WILLOW CREEK — The Aroostook Valley Lumber Company has completed a fourteen-mile logging rail spur connecting the upper West Branch timberlands to the Bangor & Aroostook main line at the Willow Creek depot. The spur, which will eventually become the corridor of the Mattawamkeag River Trail, required three wooden trestle bridges and a shelf road cut along a steep hillside known as Devil’s Elbow.

The spur will allow logs to be shipped directly to the flooring mill by rail, bypassing the river drives that have been the region’s primary means of log transport since before Thorne & Sons Shipworks was founded. The river drives, increasingly unreliable as the harvest moves farther from water, are expected to be phased out within a decade.
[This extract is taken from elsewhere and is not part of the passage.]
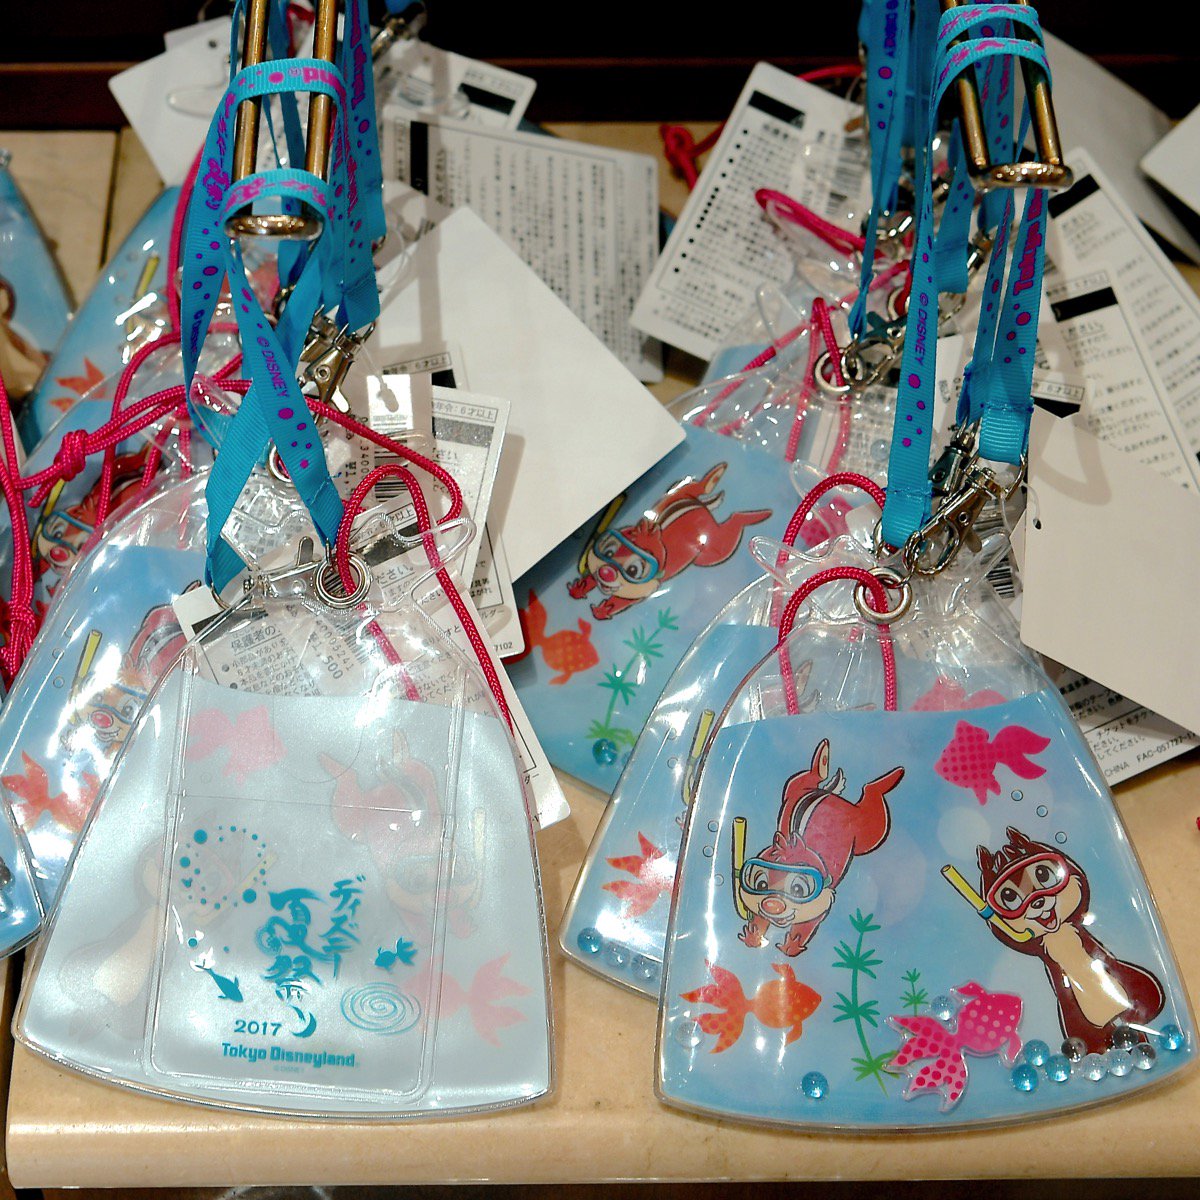 Mezzomikiのディズニーブログ Na Twitteru 縁日モチーフのチップ デール 東京ディズニーランド ディズニー夏祭り 17 スペシャルグッズ パスケース スマートフォンケース 防水ケースの3種類が本日より発売されました 詳しくは T Co V3myfllwzc
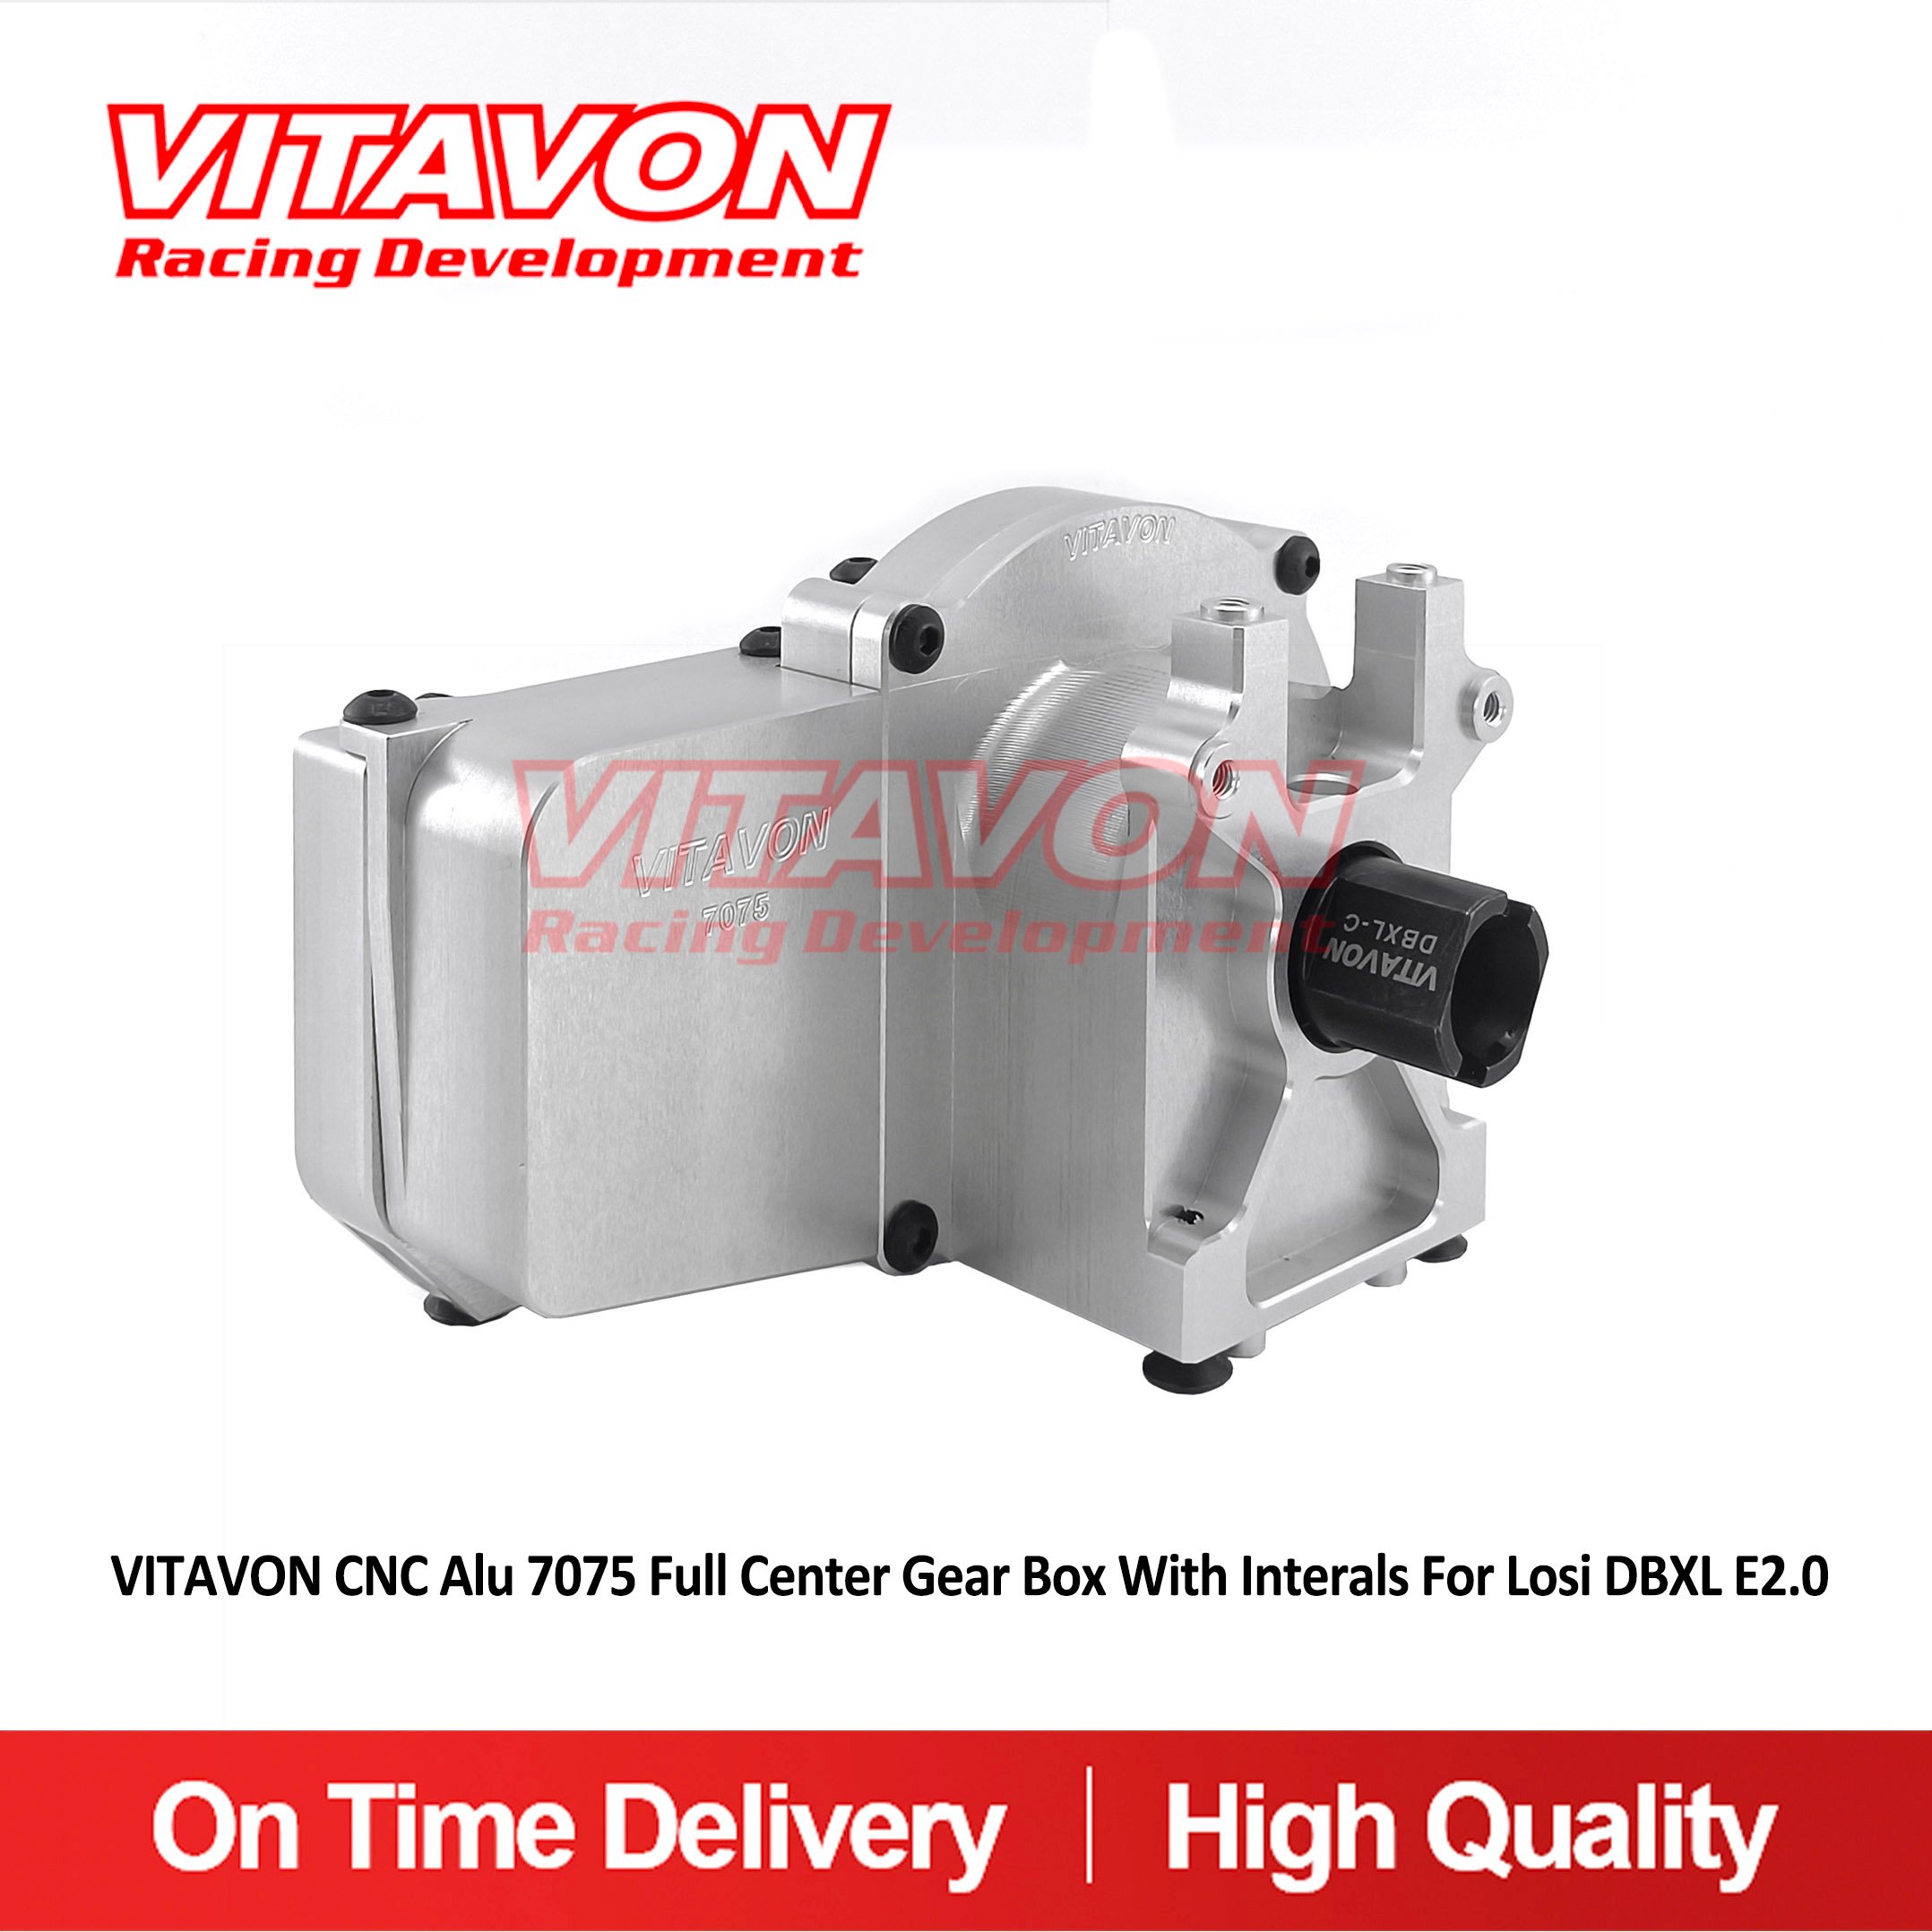 VITAVON CNC Alu 7075 Full Center Gear Box With Interals For Losi DBXL E2.0

“In the days of Thorne & Sons, the river was the only road,” said superintendent Hiram Fletcher. “The logs came down on the spring freshet, and the Thorne yard caught them at the bend. That was good enough for 1803. It is not good enough for 1908. The railroad can run twelve months a year.”

The spur’s route passes within sight of Thorne’s Bend, where the old launching slip lies submerged under the mill race’s raised water level. The iron horse now runs where the river sloops once sailed.

Ezra Thorne II, watching from his porch, summed it up in a single sentence: “They are building a railroad on top of my family’s graveyard.”